William Molyneux

Physicien et philosophe irlandais (Dublin 1656-Dublin 1698).

Représentant de l'université au Parlement de Dublin (1692-1695), il se rendit célèbre en publiant en 1698 un pamphlet, The Case of Ireland being bound by acts of Parliament to England Stated. Évoquant les affaires les plus inquiétantes qui, selon lui, portaient atteinte à l'autonomie de l'Irlande, Molyneux, y arguait que, après la soumission volontaire des rois, de la noblesse et du clergé irlandais à Henri II, les droits et libertés anglaises avaient été étendus à l'Irlande, et il contestait donc au Parlement d'Angleterre le droit de légiférer pour l'Irlande au motif que l'Irlande était un royaume séparé, qu'elle possédait son propre Parlement et n'était pas représentée au Parlement d'Angleterre. Cet ouvrage, considéré aujourd'hui comme la première revendication de l'indépendance irlandaise, fit sensation et fut brûlé en place publique par les autorités.

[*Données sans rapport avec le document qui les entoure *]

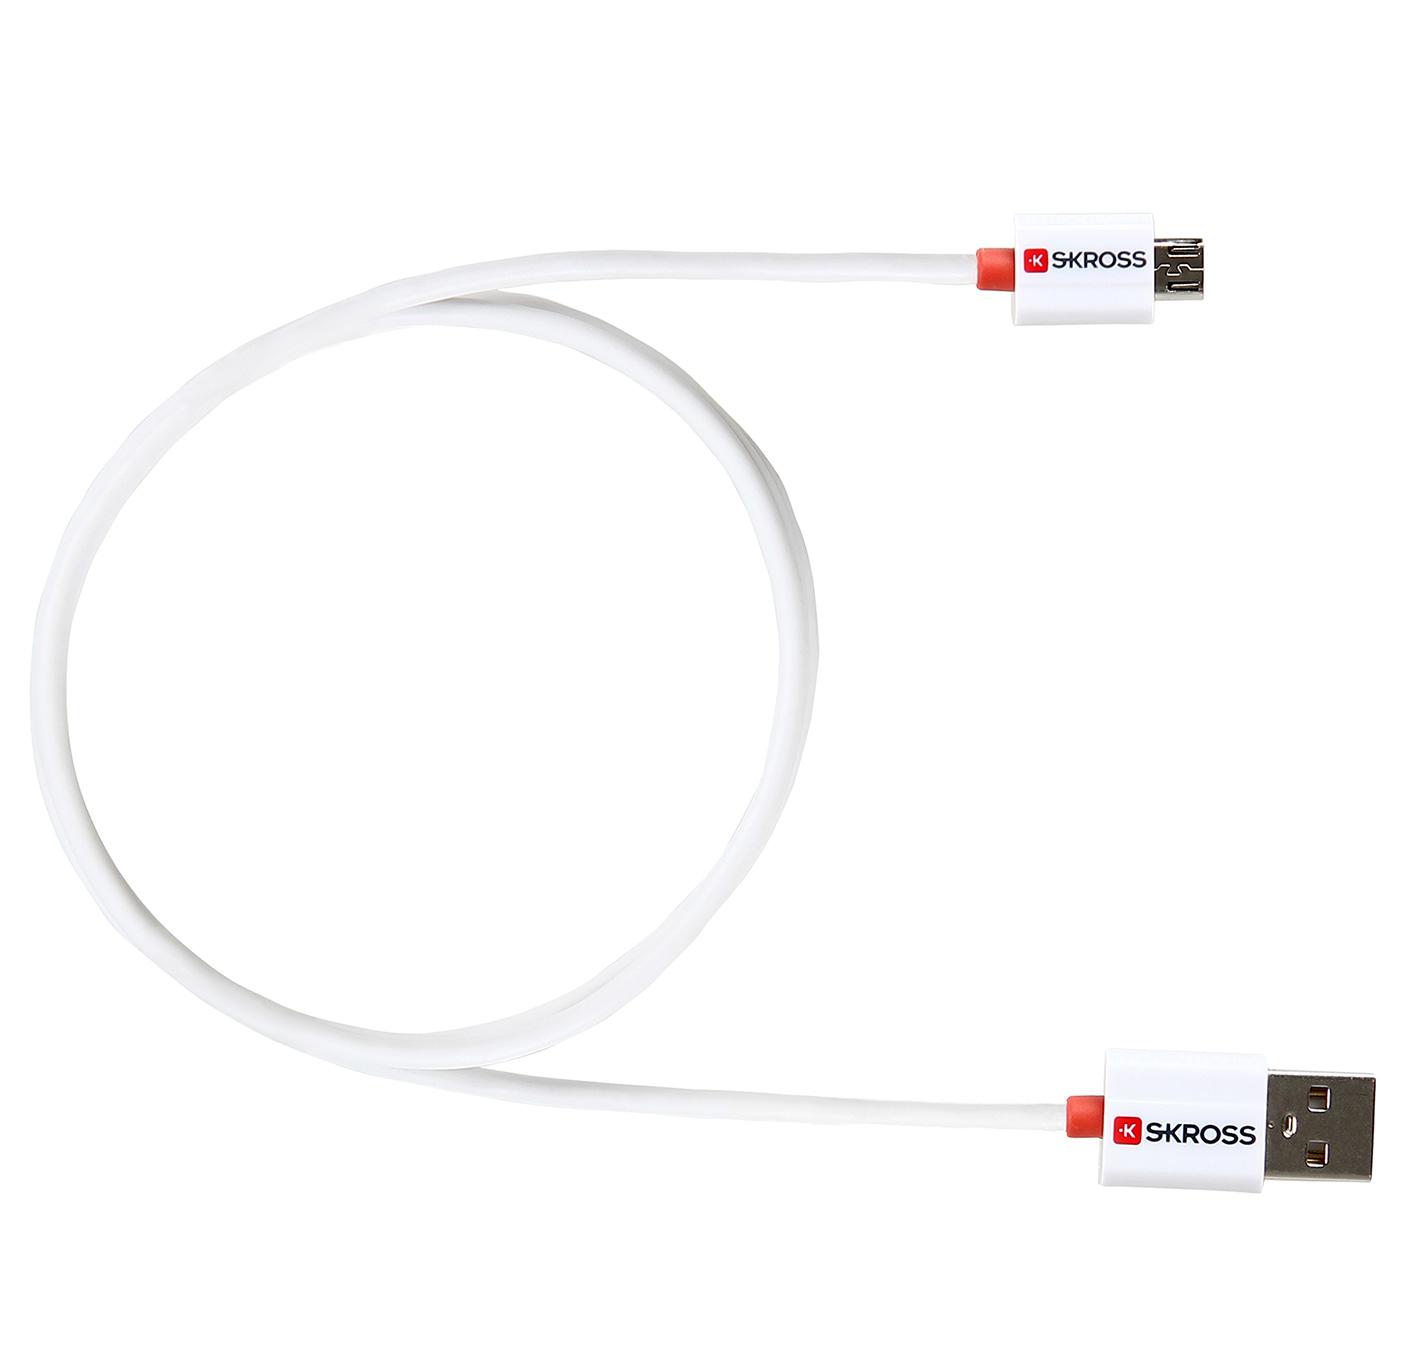 SWA1400102-Micro-USB-Cable.jpg

Molyneux s'intéressa à la philosophie - il traduisit en anglais les Méditations de Descartes, à l'astronomie - son ami Flamsteed lui avait fait parvenir un télescope au moyen duquel il se livra à de nombreuses observations, et il communiqua à la Royal Society, dont il était membre (1685), plusieurs communications sur des sujets divers : cadrans solaires, gyroscope… - et à l'histoire naturelle ; mais ce furent surtout les questions d'optique qui retinrent son attention (Dioptrica nova, 1692).

Le problème de Molyneux

Dans une lettre de 1688 à son ami et correspondant John Locke, que ce dernier reproduisit en 1690 dans son Essai sur l'entendement humain, William Molyneux souleva la question suivante :
« Supposez un aveugle de naissance, qui soit présentement homme fait, auquel on ait appris à distinguer par le seul attouchement un cube d'un globe, du même métal et à peu près de la même grosseur, en sorte que lorsqu'il touche l'un et l'autre il puisse dire quel est le cube et quel est le globe ; supposez que le cube et le globe étant posés sur une table, cet aveugle vienne à jouir de la vue. On demande si en les voyant sans les toucher, il pourra les discerner, et dire quel est le globe et quel est le cube. » (II, ix, 8).

Le problème de Molyneux fascina le siècle des Lumières et les plus grands esprits du temps - notamment Locke, Berkeley, Hume, La Mettrie, Condillac, Diderot, ou encore Voltaire - s'y intéressèrent de fort près, affûtèrent des arguments pour ou contre une réponse positive à la question posée, proposèrent des variantes de celle-ci et en dégagèrent les présupposés. Diderot, en particulier, se signala par l'originalité de ses conceptions et l'acuité de ses analyses : reprenant dans sa Lettre sur les aveugles à l'usage de ceux qui voient (1749) la comparaison introduite par Descartes dans la Dioptrique entre ce qui a trait à la lumière et ce qui a trait au bâton de l'aveugle, il replaça son analyse des qualités sensibles à l'articulation de la géométrie et de la métaphysique.